KEY POINTS:
Little good would be served if two broadcasting companies permanently remove the sports presenter Tony Veitch from their programmes to try to bring an end to controversy over his assault on a woman. The initial reactions of TVNZ and Radio Sport were to stand by him over this "personal" matter, allowing him time off to counter media allegations. The radio station has now suspended him as it finds out more about what happened during the assault.
A premature move to dismiss him, though, would be seen as being for one reason only: to help the broadcasting companies' images, not the welfare of the victim or their audiences. It could never represent the closure they might seek and should not in any case be the last word when the police have begun inquiring into what could yet be a case of causing grievous bodily harm.
Sackings or negotiated departures seem to be the norm in these incidents of high-profile people involved in highly personal embarrassments. They are, as Newstalk ZB host Leighton Smith observed yesterday, the easy way out of a crisis. They are often achieved under the nonsense that a newsreader or sportsperson is a "role model" for the public, especially the young, and the controversy has affected that role-model role. The myth of the role model has never been more evident than in this case. Veitch, for all his ability to talk, could never have been regarded thus. Nor, for that matter, could the errant All Black Jimmy Cowan and numerous others whose personal failings have spoiled their professional facades. Could anyone seriously name a child or adult who looked up to these individuals in any kind of aspirational way? Veitch reads out sports news items for 10 minutes a day on national TV and comperes a niche breakfast show on radio. In his broadcasting he is not, and does not need to be, a saint and performs the sports talking tasks with enthusiasm.
This assault is something else again. It goes way beyond the conventional crisis management devices, the role model excuse and the usual exercise in out-of-sight, out-of-mind rehabilitation. If sacking him now is the answer then someone is asking the wrong question. Veitch's case needs resolution by an authority far higher than the employer. His former partner reportedly suffered breaks to her back from being kicked on the ground, was temporarily confined to a wheelchair and off work for a considerable period. Veitch has admitted "breaking" and "lashing out" on the night of the incident. Rightly, the police have now appointed an officer to review the matter and consider his admissions. They should make every effort to interview the victim - who this year was party to a confidentiality agreement involving payment to her by Veitch of as much as $170,000 - to reassess her decision not to report the matter to the police when it occurred two years ago. She cannot fail to be aware now of the view the community takes to domestic violence, should she choose to prosecute.
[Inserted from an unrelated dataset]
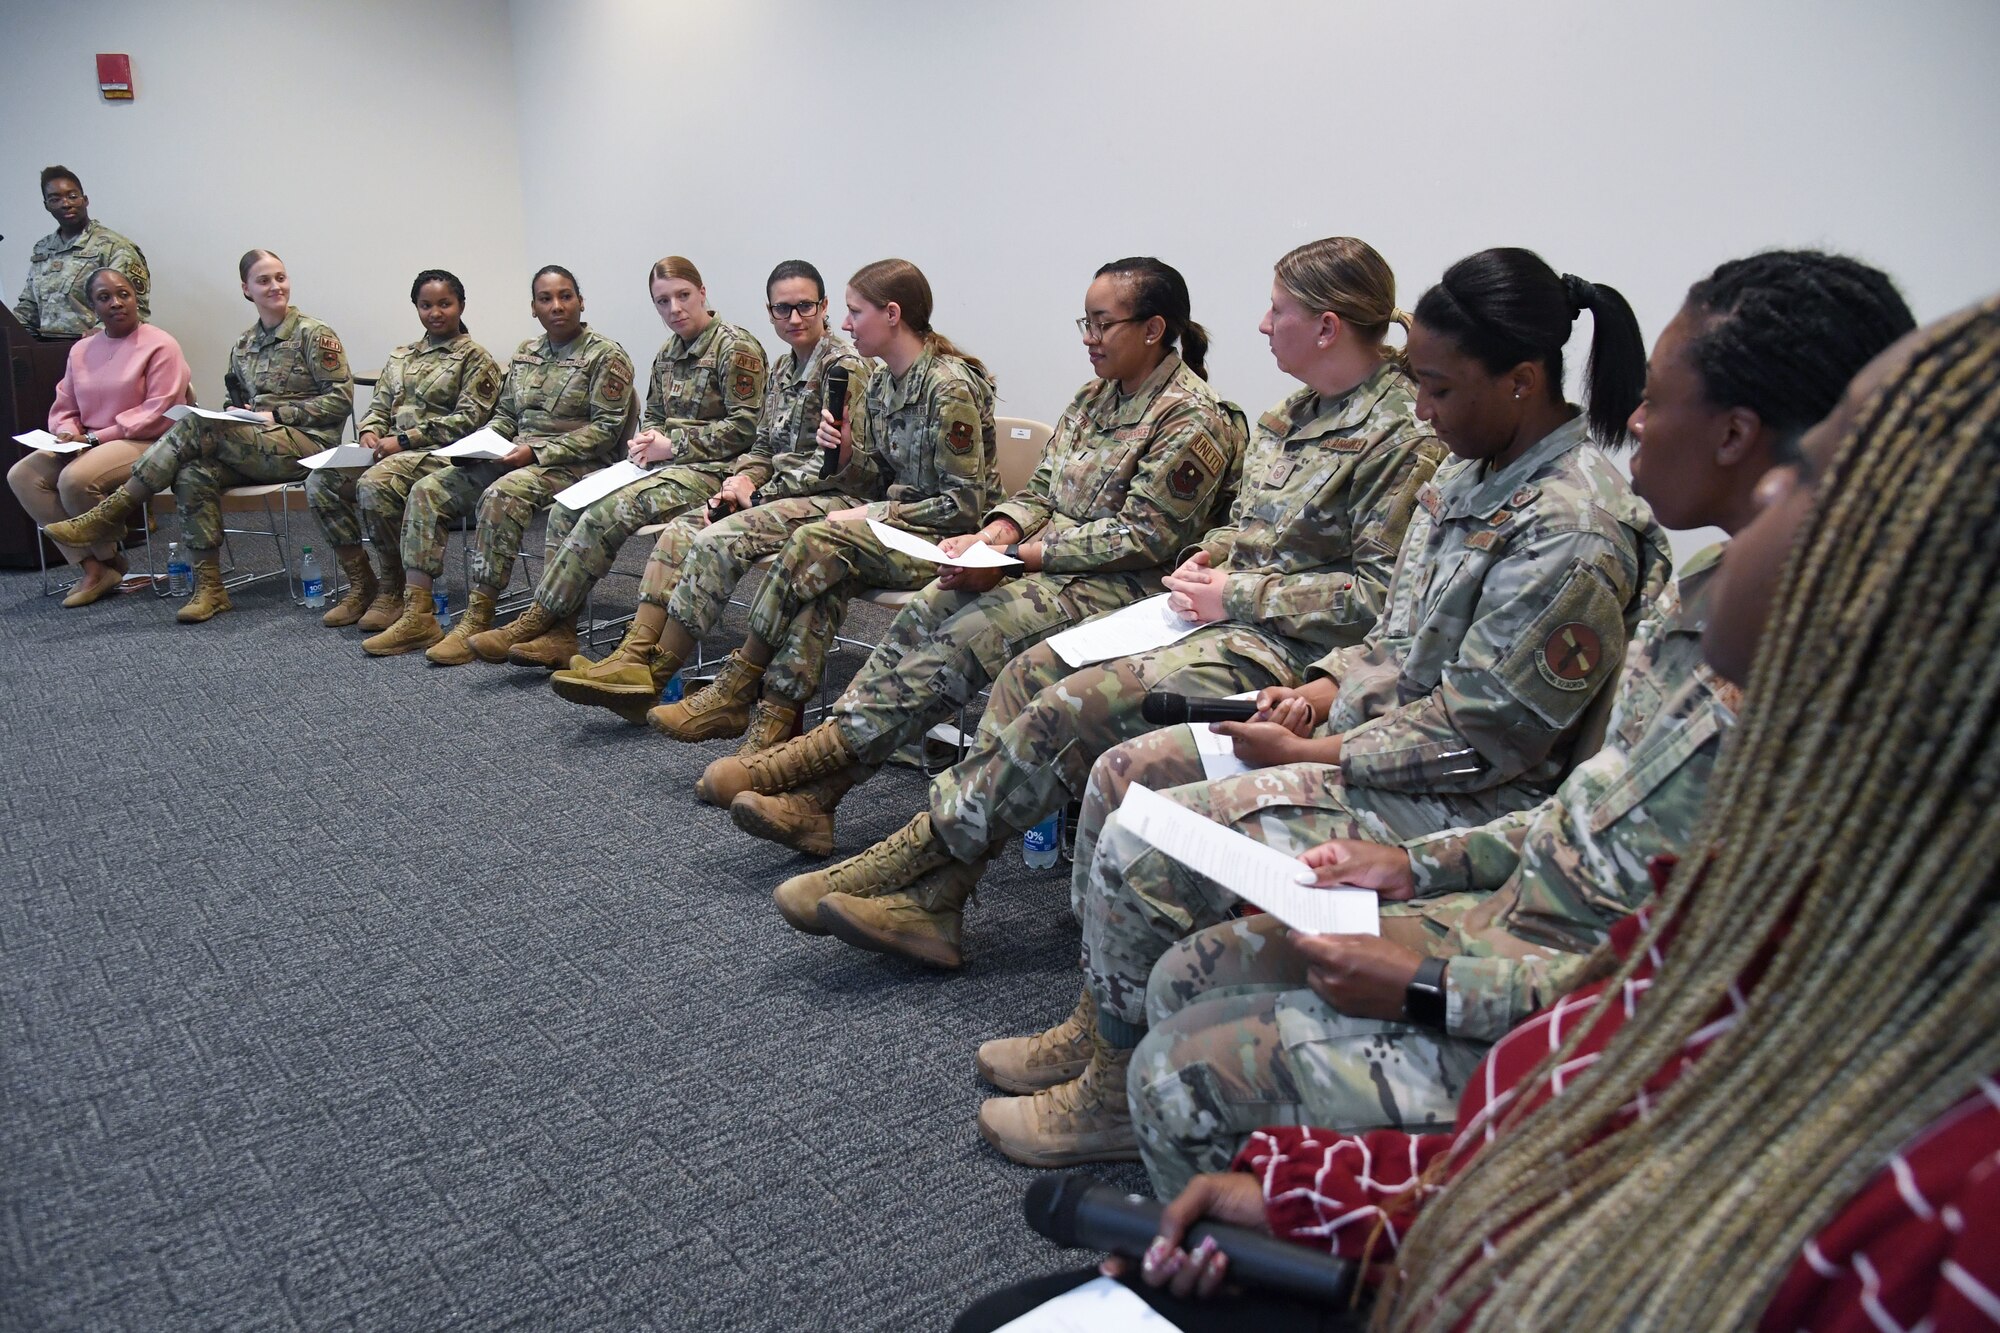 Keesler personnel participate in the Women's History Month Diversity and Inclusion Panel inside the Roberts Consolidated Aircraft Maintenance Facility at Keesler Air Force Base, Mississippi, March 10, 2023.

The police cannot force a victim to lay a complaint but one of the woman's existing fears, of the potential of damaging personal publicity, has been overwhelmed by this week's revelations. Veitch, too, should accept that the best and only way for his actions to be judged is by a police inquiry into what happened, how and why. The excuses offered in mitigation at a press conference on Wednesday may well be mitigating factors in a criminal case.
Removing the broadcaster from the airwaves before any of this is concluded would be literally firing first and asking questions later. If charges are laid and a case proceeds, then standard employment procedures would probably see him suspended then until resolution. In the meantime, he could continue in his limited public role of talking sport. It is not as if he is lecturing in morality, integrity, decency and respect for others.